Problem to solve:
What you return should be only the lines in the entries below between the one holding "Exemple de Type" and the one holding "中学生レベルを極める例文 英語暗記例文集 Ishizueの礎160", ends included, with every picture left out.

Data extract:
###

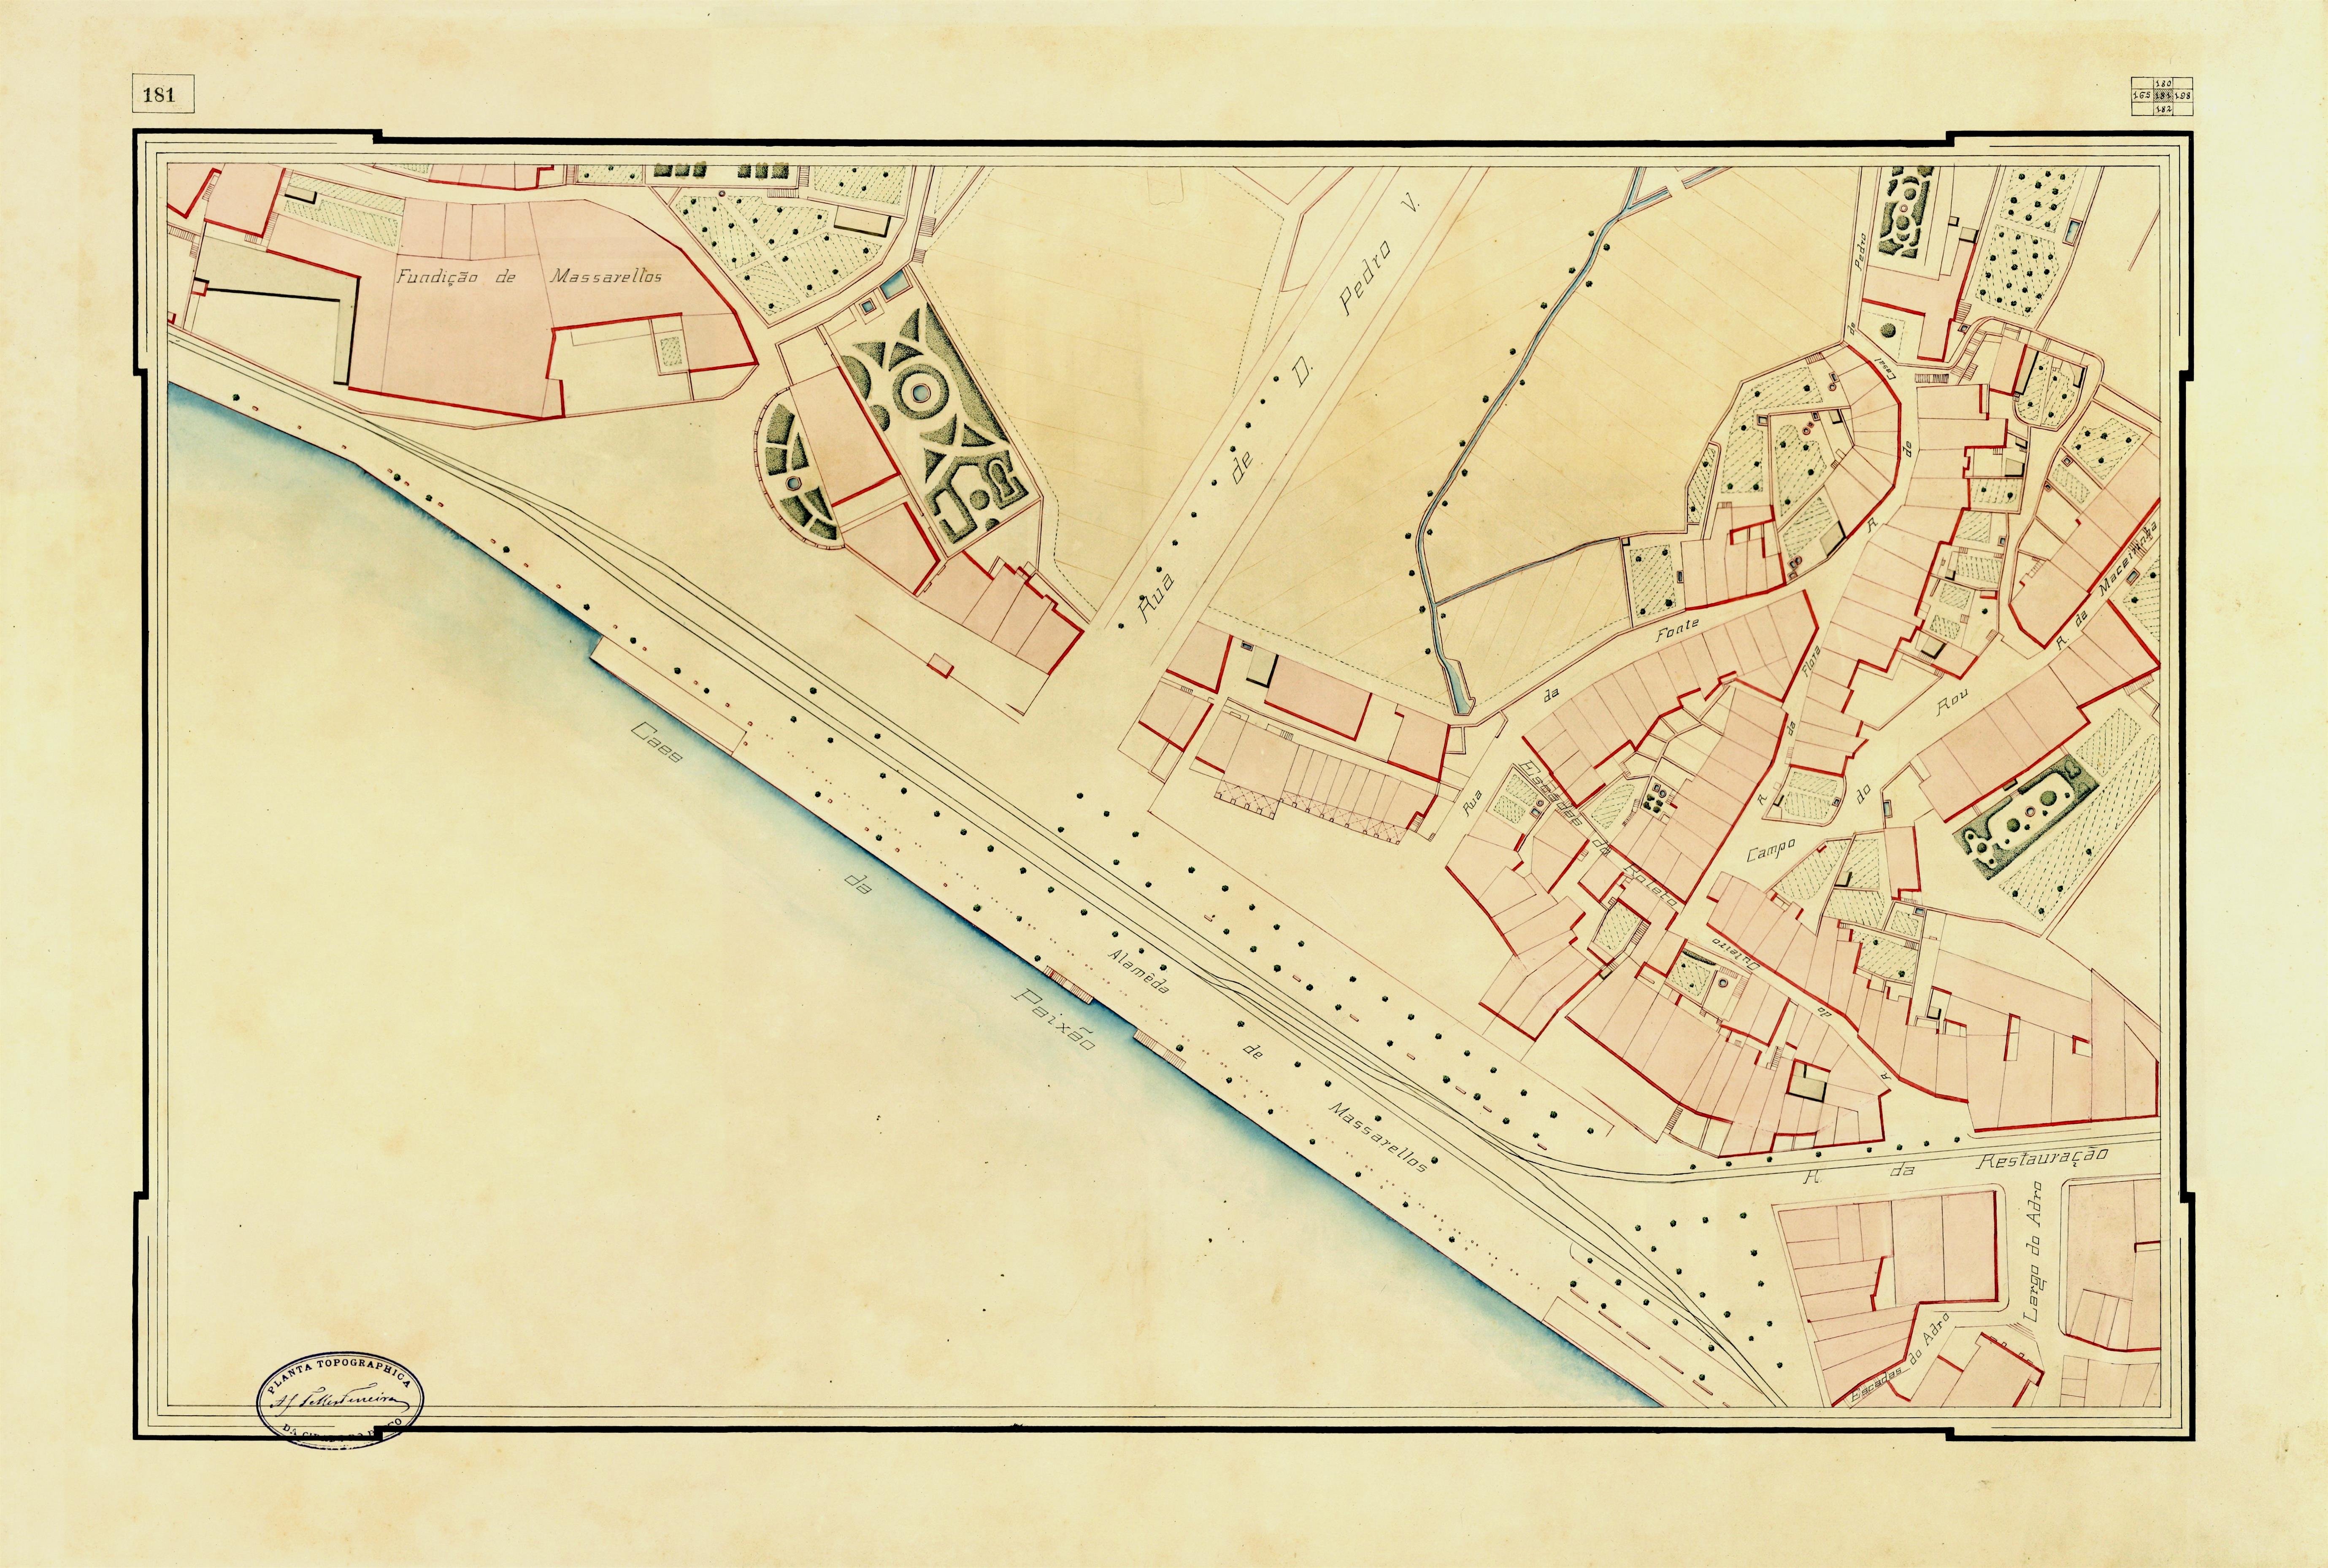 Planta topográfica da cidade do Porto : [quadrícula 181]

###

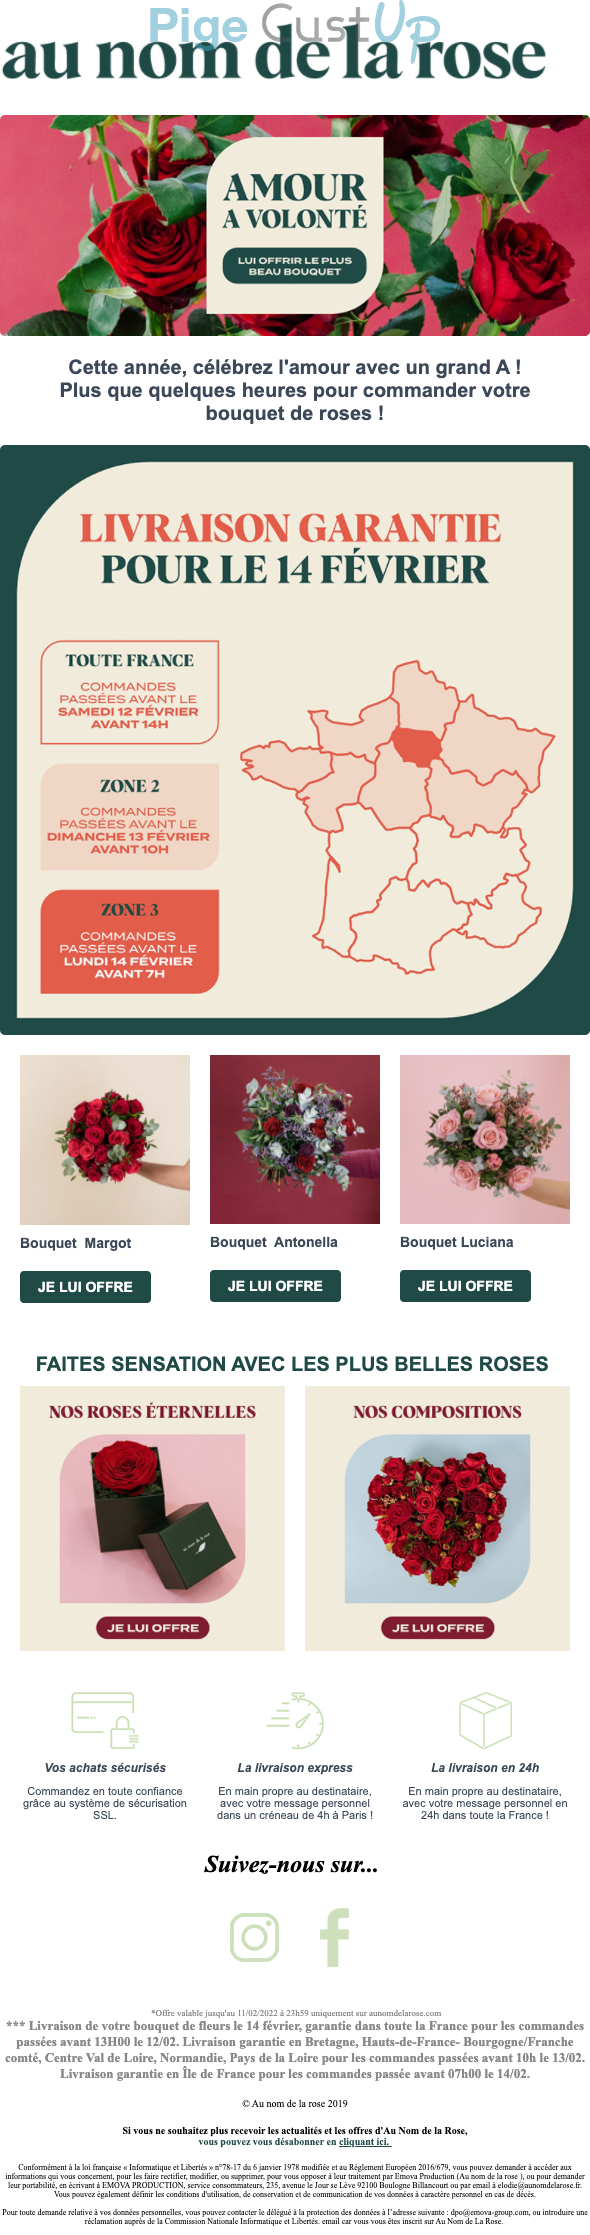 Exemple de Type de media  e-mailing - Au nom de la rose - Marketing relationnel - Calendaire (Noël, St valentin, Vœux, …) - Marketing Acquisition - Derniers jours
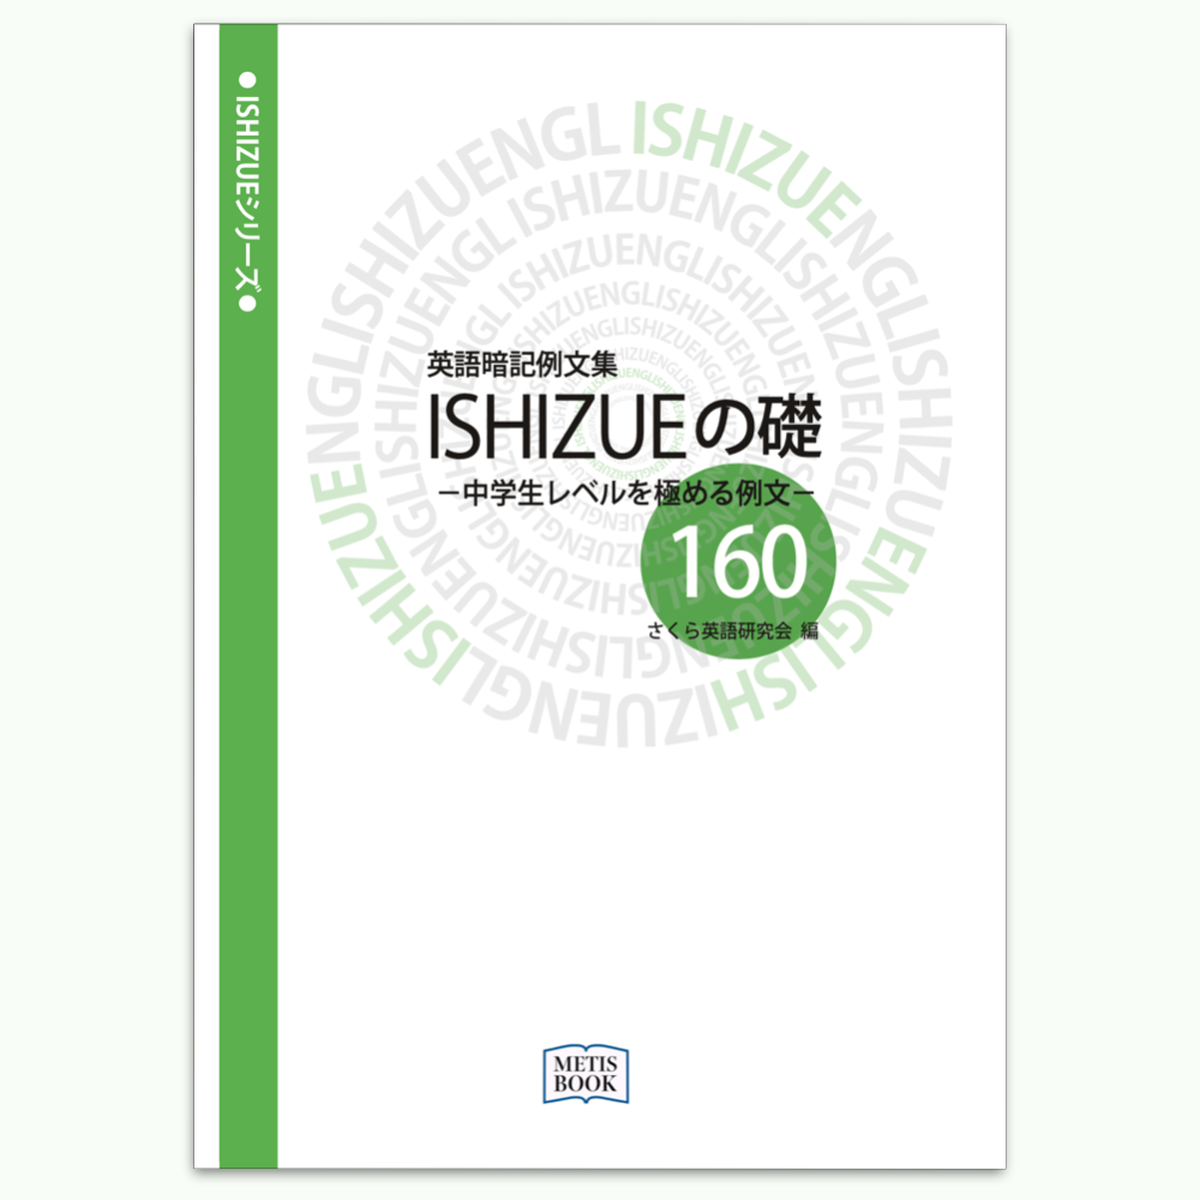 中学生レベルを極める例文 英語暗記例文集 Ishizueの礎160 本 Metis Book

###

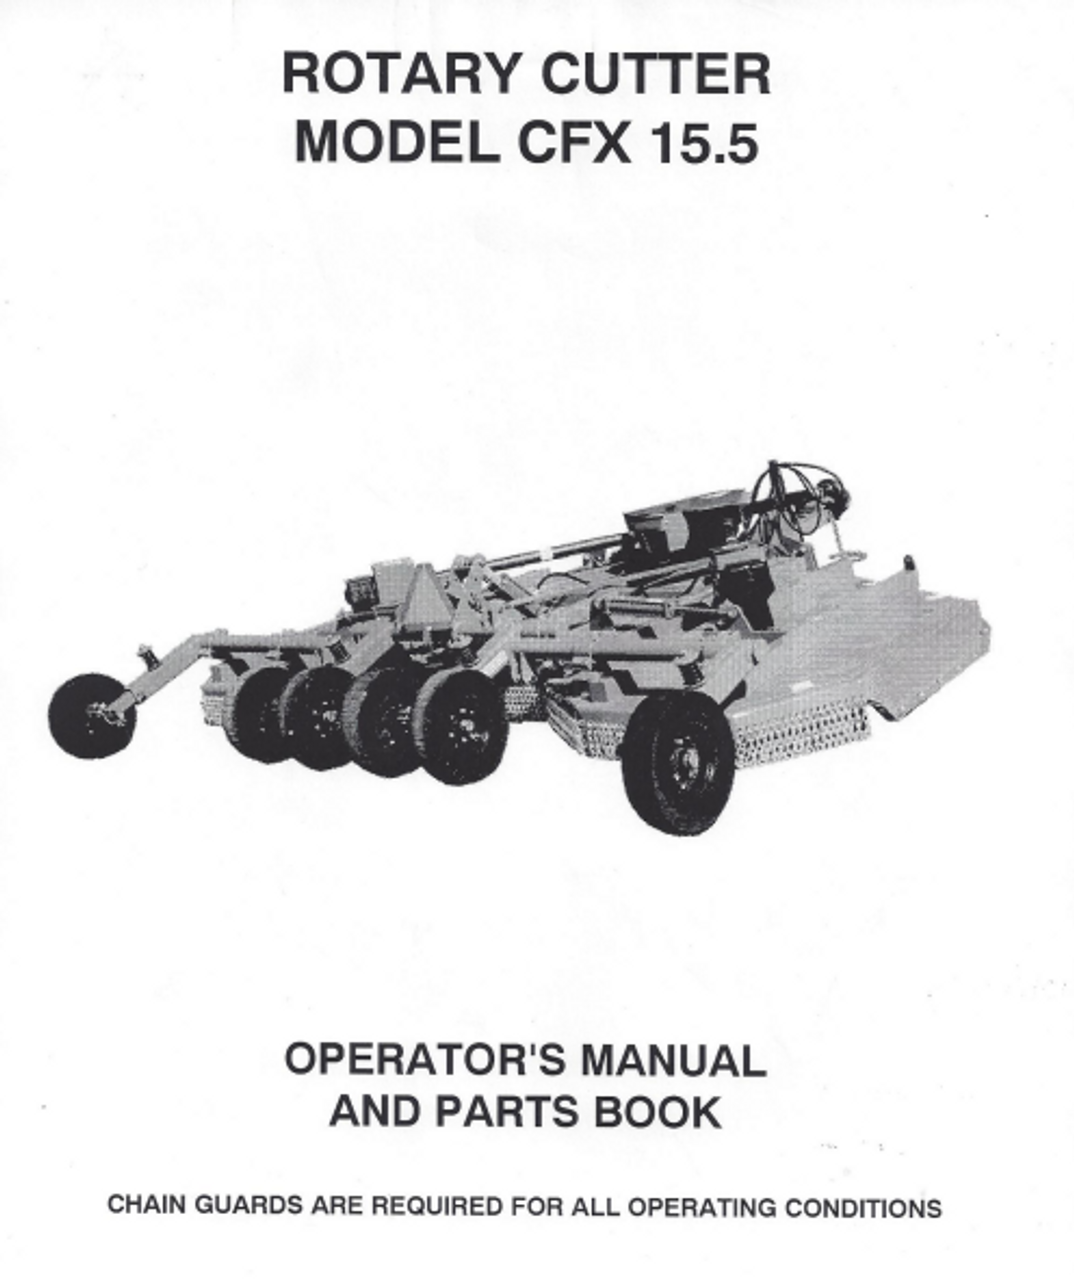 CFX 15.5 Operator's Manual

###

Completed exercise:
 Exemple de Type de media  e-mailing - Au nom de la rose - Marketing relationnel - Calendaire (Noël, St valentin, Vœux, …) - Marketing Acquisition - Derniers jours
 中学生レベルを極める例文 英語暗記例文集 Ishizueの礎160 本 Metis Book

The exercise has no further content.